Piwowarzy do dziś nie mogą zapomnieć kampanii piwa Bosman, która także była ceniona za dowcip i pomysłowość, tyle że im było nie do śmiechu. Reklamówka kpiła z hipokryzji polskiego prawa, które zakazując promocji alkoholu tolerowało ją w przypadku piw bezalkoholowych. Browary chętnie z tej furtki korzystały, opatrując każdą reklamę adnotacją, że mowa jest oczywiście o bezalkoholowej wersji trunku. Bohaterowie reklamówek Bosmana też taką deklarację składali, puszczając przy okazji oko i dając do zrozumienia, że to bujda. Tego było za wiele. Pod wrażeniem kampanii szczecińskiego piwa Sejm zaostrzył ustawę o wychowaniu w trzeźwości, drastycznie ograniczając możliwość reklamowania złocistego trunku. Musiało minąć kilka lat, zanim udało się to zmienić.

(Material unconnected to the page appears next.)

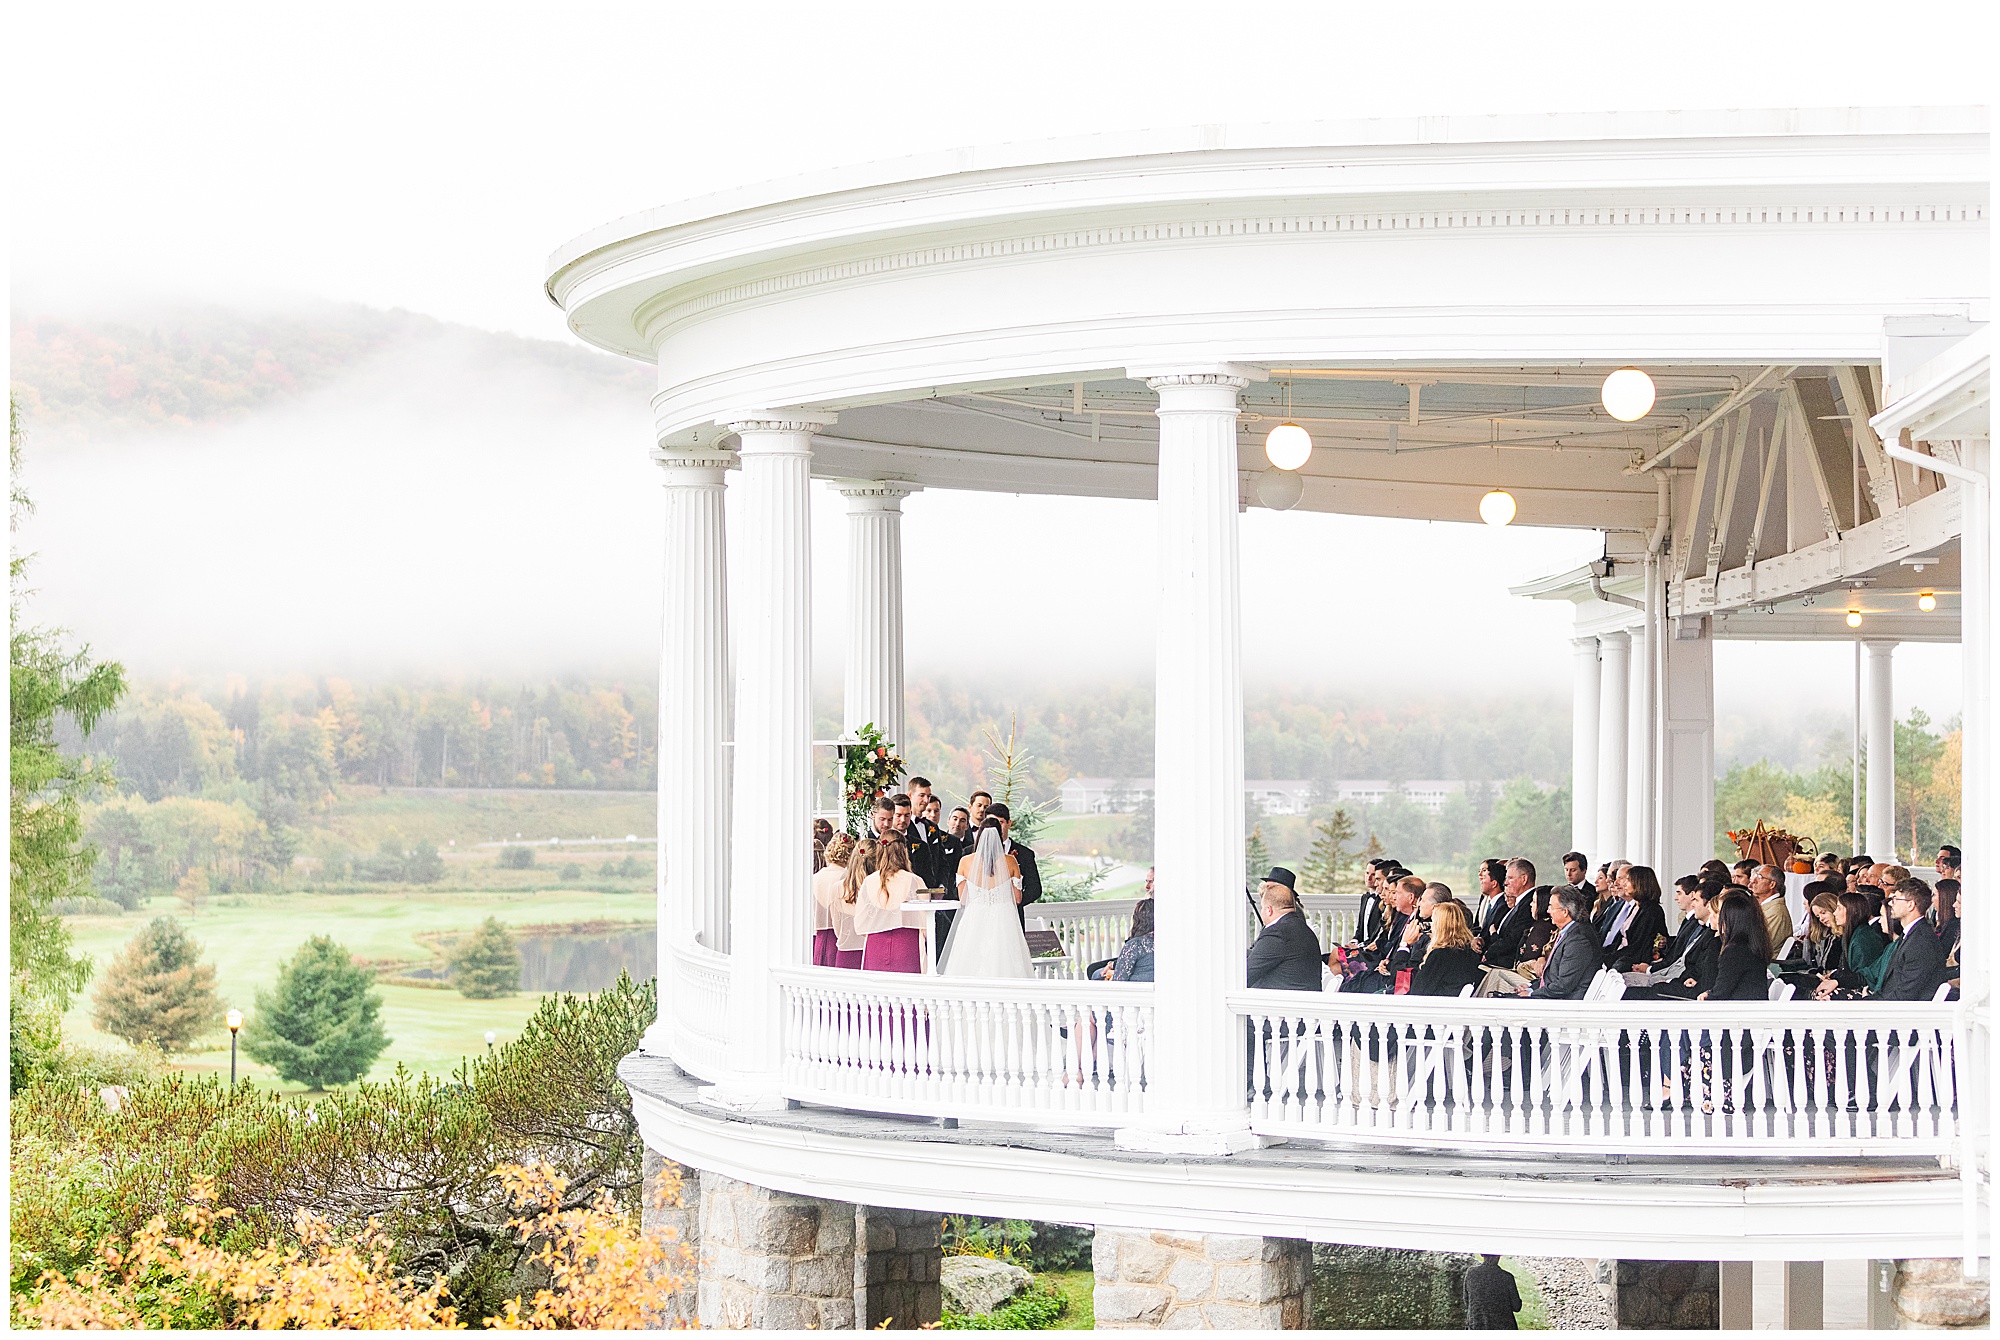 A wedding ceremony on the South Veranda at Mount Washington Resort in the White Mountains of New Hampshire by The Ewings.

Piwowarzy starają się dmuchać na zimne. Dlatego uchwalili właśnie „Kodeks reklamowy browarów polskich”. Deklarują, że chcą się reklamować „odpowiedzialnie i uczciwie, dla dobra konsumentów i przy poszanowaniu interesów społecznych”. Zamierzają patrzeć sobie na ręce i jeśli ktoś przekroczy ustalone granice, spotka go kara: musi wyeliminować naganną reklamę i na trzeciej stronie dziennika „Rzeczpospolita” opublikować stosowne ogłoszenie.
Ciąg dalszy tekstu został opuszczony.